My head is spinning.  

When my children were small, I did everything to make sure that they were not staring at a screen for hours at a time.  I was shocked when a friend purchased a new van that actually included personal DVD screens for each child.   Now, everywhere I look, children’s faces are lit up by the glow of a screen.  It keeps them quiet and it’s less messy than say, painting or playing with play-dough. 

I have always been stubborn about embracing technology, adamantly  saying, “I’d rather do something real… like brush a horse, than to sit and stare at a screen.”  It’s the same stubborn feeling I get when summer comes to an end.  I will not admit that the weather is changing, and that school is just around the corner.  I think that if I just apply the brakes hard enough, I can actually prevent the dreaded event from happening;  i.e. …FALL, followed by a long Wisconsin winter.  It will just not happen, as if by my sheer stubbornness I can  control the world’s weather patterns!  Likewise, if I do all within my power to stay away from technology, it will not invade my world. 

One of our family’s favorite books is, The Fields of Home, by Ralph Moody.  In it,  young Ralph is sent to live with his cantankerous grandfather who has been farming the land he inherited from his father , who had cleared the land in the 1700’s.    When Ralph tries to introduce time-saving machinery to his grandfather’s farm in Maine, it angers the frustrated old man who then would destroy whatever “tarnal contraption” the young boy would invent,  and build with the junk he could find on the farm.  Once Grandfather discovered these  inventions, he would carry on in a loud tirade, “What kind of fiddledeedee falderal’s going on around here?”  Over and over, Ralph would see an opportunity to improve the farm and would come up with creative solutions in the form of what his grandfather termed, “lazy-man contraptions.”   It is a dearly loved read-a-loud book in our home, but it is always a bit difficult for me to read because the grandfather is so frustrating.  It is exasperating to us when we think of how unfair and at times, unkind he could be to his grandson who was only trying to help.

I now find myself in the same situation.  I am the frustrated old farmer; suddenly surrounded by new technologies that I can’t understand.  Like Grandfather in the  Fields of Home, I long for the good old days when I could see how a typewriter’s metal typeset keys would stick together, and I could fix them easily with a flick of my  finger.  Now, in my head, I dig  my heels in and want to keep any”tarnal contraptions”  from entering my home, thinking I can somehow keep the world at bay if I do. 
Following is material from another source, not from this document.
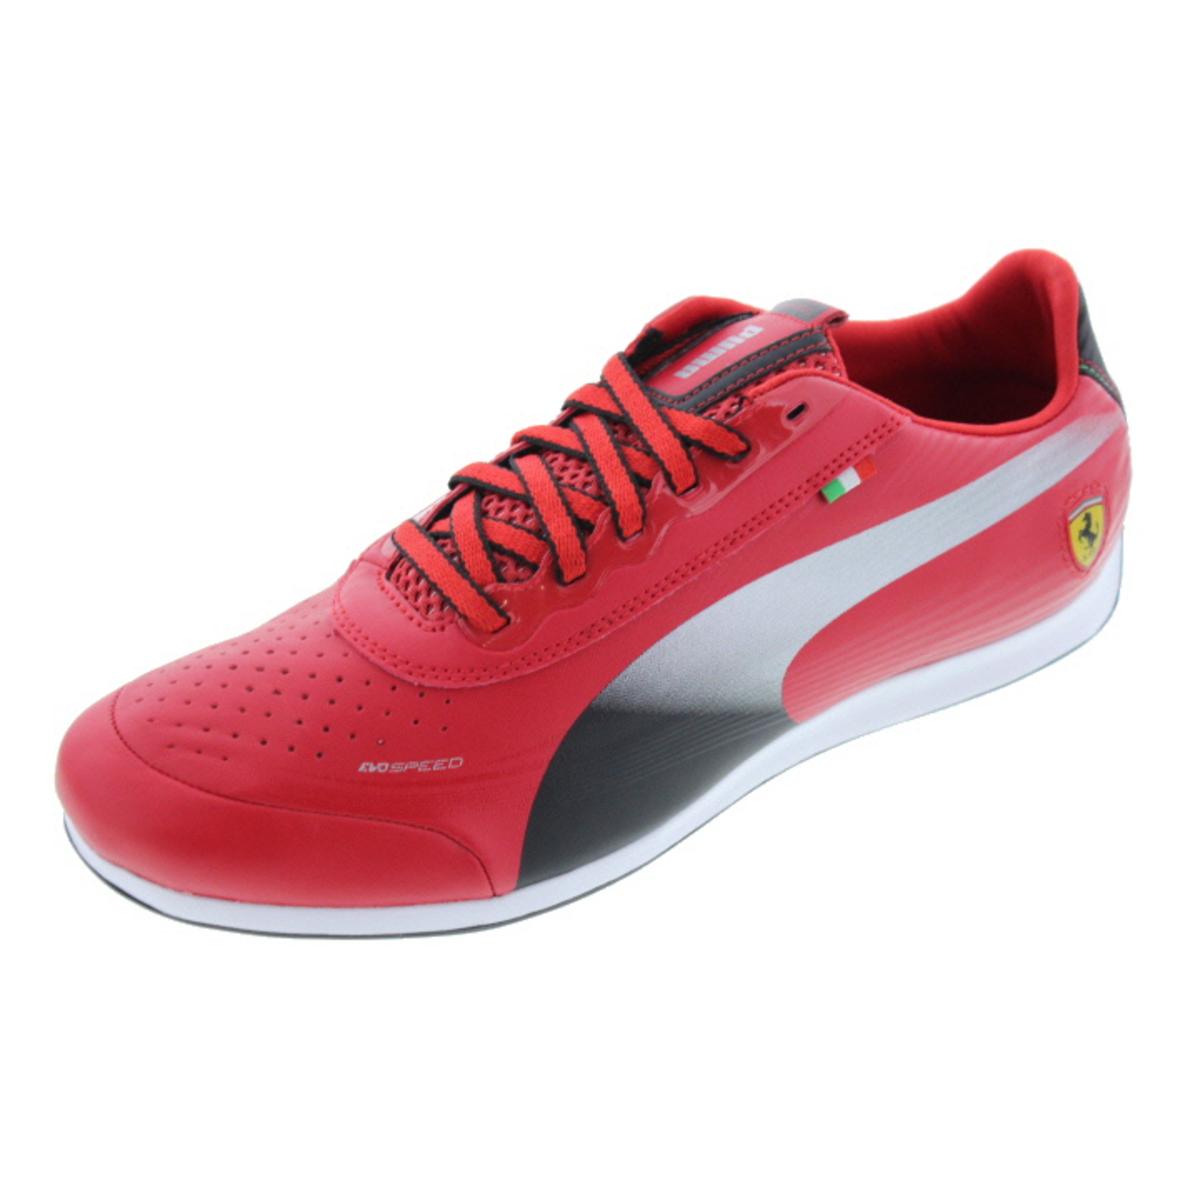 Puma 6153 Mens evoSPEED Low Leather Driving Ferrari Tennis Shoes ...
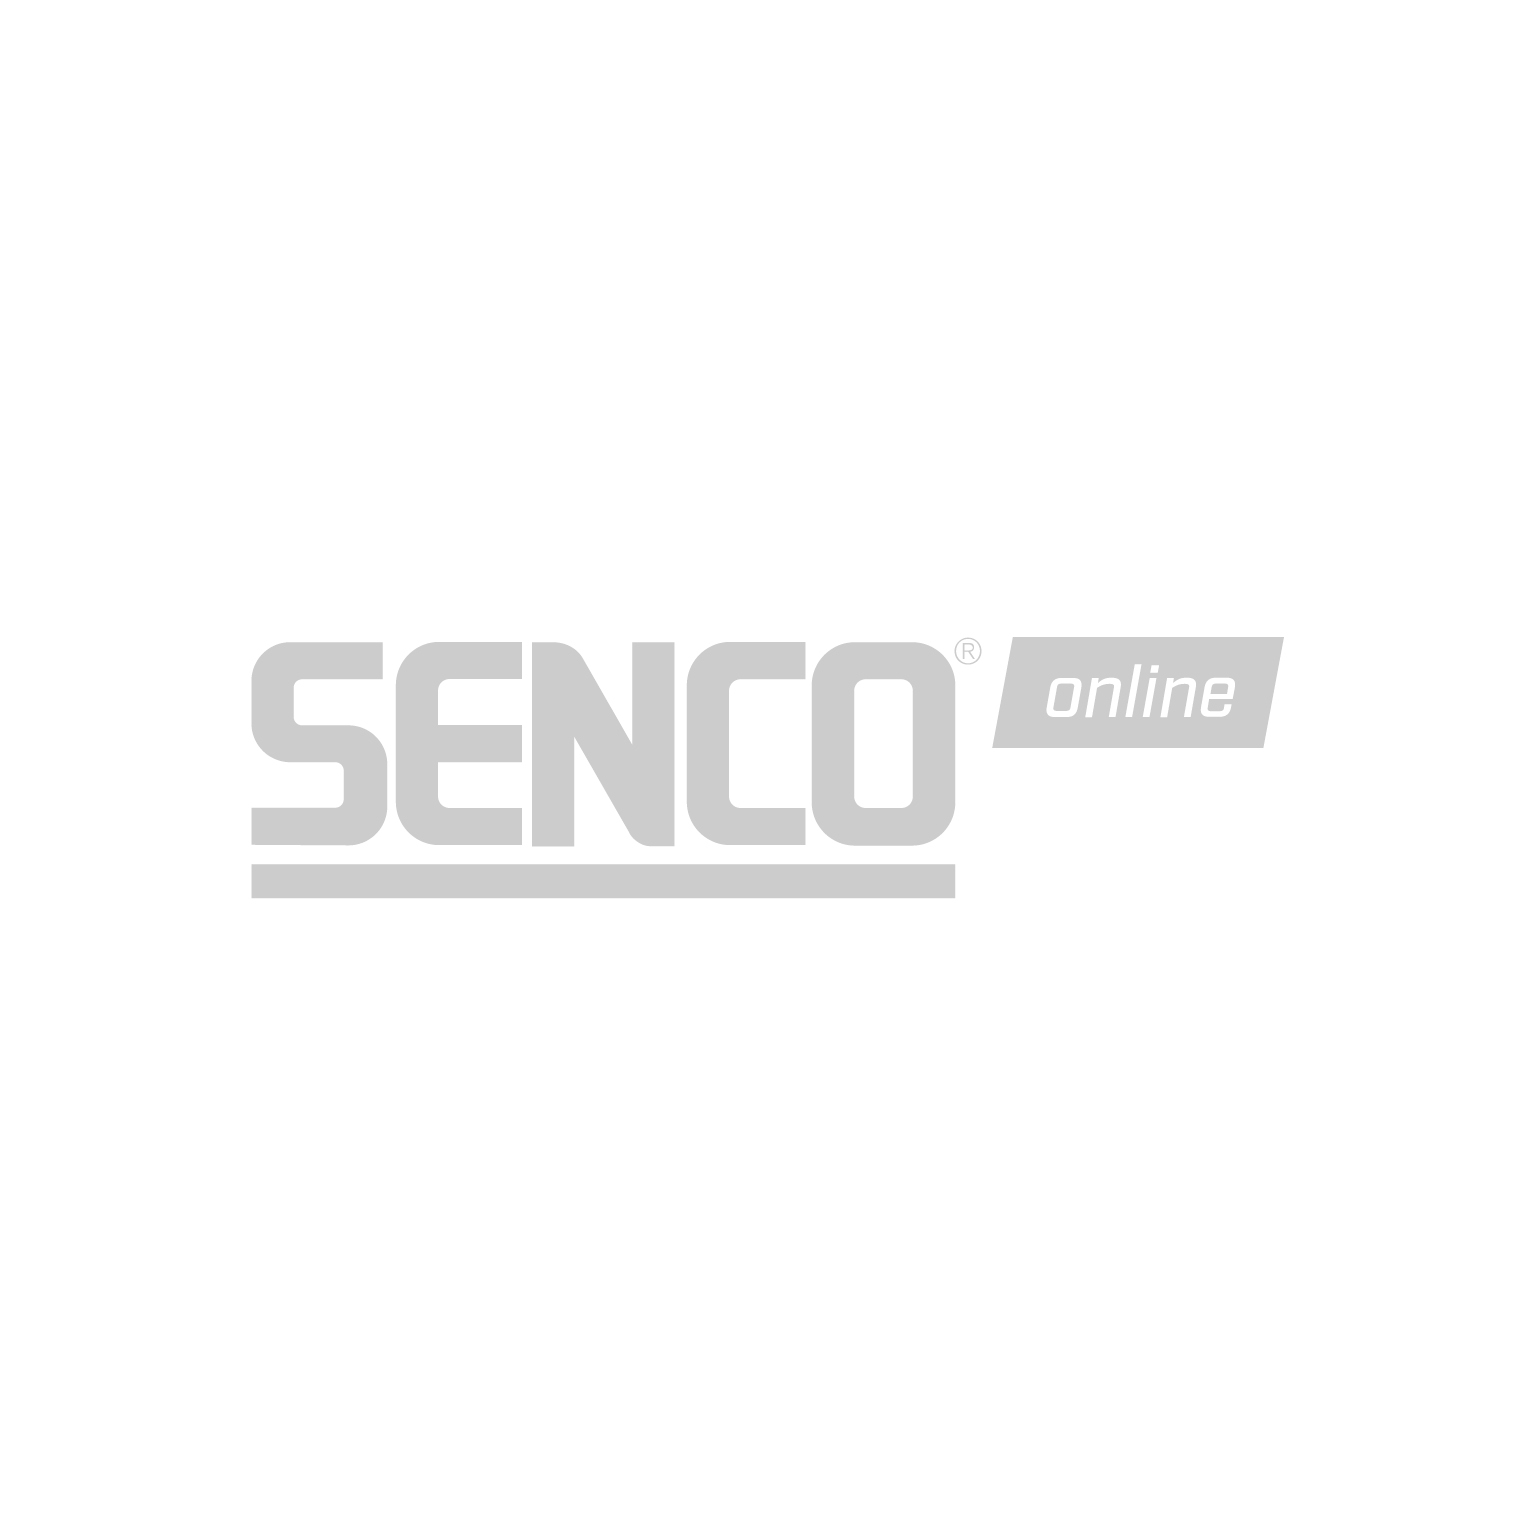 Senco 6G2001N FinishPro 35 MG DA nageltacker afwerktacker - 1

What can I learn from  The Fields of Home?  Eventually, after much time and patience on Ralph’s part, Grandfather began to soften to the idea of some machinery used on his farm.  He began to see the ”progress” that it allowed them, he and his grandson, and it opened up new opportunities to build relationships with his long estranged neighbors; people who had previously stayed away from such a frustrated, angry old man.

Maybe there is a way to embrace the new technology.  I have dug my stubborn heels in and held my breath to get my way.  I have ranted and raved and sounded a lot like the frustrated old farmer, and funny thing, it hasn’t made it go away.  Maybe, I can look for the good in it;   the opportunities to build relationships with people who have written off the cantankerous old lady,  and I am currently learning how much technology can help my children that struggle with Dyslexia.

 I am sure that today, the beautiful corner of the world affectionately called the “fields of home” by  Ralph Moody  has either been  turned into a large-scale agricultural enterprise or sadly enough, a shopping mall ,  but Grandfather isn’t here to see it.  Maybe someday, because of all of this technological  ” progress,”  actual books will only be seen in museums, and no one will have to know how to hold a pen or how to spell correctly and hopefully, like Grandfather, I won’t be here to see it.  However,  while I’m still here, I’m going to walk in the balance, hoping that my children will do the same.  After I finish sitting in front of this screen, being helped along with spell check and some magic thing-a-ma-gig that underlines my incorrect sentence structure,  I think I’ll go outside, find a worn old curry comb and brush a horse.